Escape from Project Management
August 28, 2015 8:53 AM   Subscribe

I find myself being recruited for (and sometimes taking) healthcare IT project management jobs, and it turns out I hate them all. Specifically, I hate being held accountable for everything but having zero authority to actually do, fix, or decide anything. How do I break out of this project management career trap?

Despite my healthcare colleagues thinking I'm a technical genius for being able to work Excel and quickly learn the infinite quirks of an electronic medical record system, I don't have real technical skills (i.e. coding, networking, hardcore statistical analysis, software certifications). While I think it might be nice to be actually able to fix problems or build/design new tools, I don't want to be chained to my computer like the IS/IT analysts at my organizations have been - I like getting out and about during the day. Have any of you escaped from project management? What career jumps/paths did that take? Did you stay within the same field and become more of a specialist? If so, how did you beef up those specialty skills while working as a project manager?

Despite having a master's degree in public health, I don't have a real clinical background, so it's hard for me to transition to other healthcare management jobs without having trained/worked as a nurse, for example. And while I like the money that project management salaries pay, if I have to sit through another hour-long debate on SharePoint site hierarchy, I may find myself doing something that I regret even more than taking my current job.
posted by Maarika to Work & Money (8 answers total) 12 users marked this as a favorite
 
The nature of PM includes closely working with business analysts. Have you looked at what they're doing, including the closely related work of process improvement?
posted by Mogur at 9:05 AM on August 28, 2015 [1 favorite]

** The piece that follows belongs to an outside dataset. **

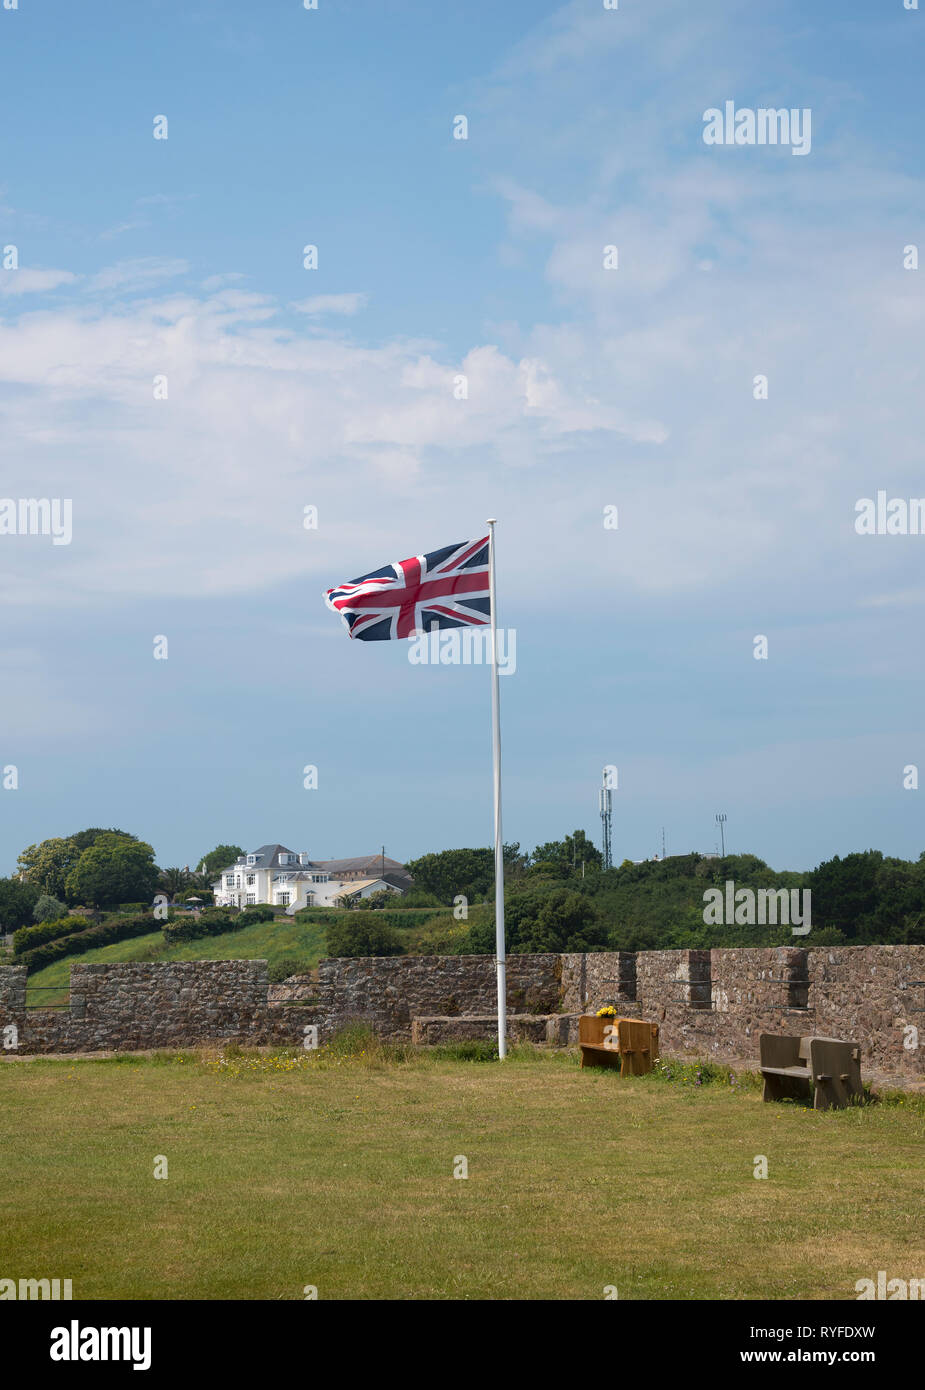 The Union Jack flag flying at full-mast, at Mont Orgueil Castle in Gorey, on the island of Jersey in the English Chanel Stock Photo

What about becoming a trainer on new EHR technology/software? You would get to be out in and about, use your technical know how, and help solve people's problems right there.
posted by CMcG at 9:10 AM on August 28, 2015 [2 favorites]


I'm in a similar boat. I don't want those "pure PM" jobs but that's supposed to be the goal. I realized that what I really liked was doing the analysis and being an expert in the system I was supporting. So I'm looking into Senior Business Analyst jobs now. Many of them want you to have some degree of PM anyway so that's a selling point. We'll see how successful I am, I'm really trying to spin it as "this is my strongest asset, but I'm also seasoned at working on projects and all that entails."
posted by cabingirl at 9:15 AM on August 28, 2015 [4 favorites]


First of all, I'm sorry, because you're not supposed be accountable for other people just for yourself and documentation, and if you document other people's fuckups then they should be accountable. That said, all PMOs are dysfunctional to some degree, so welcome to it.

There is a very healthy (har) Healthcare IT consulting world out there. These jobs will pay well, value PMs, and kind of separate you a bit from what you are talking about as your problems here. I agree with the above that you could look at the BA job and see if you like that. Additionally look for other industries that matrix in with yours - for example, web dev firms that skew toward advertising/digital that work with heath care companies -- you would be managing projects for the same kind of people -- CLIENTS this time -- in an environment where you work with different people than you do now.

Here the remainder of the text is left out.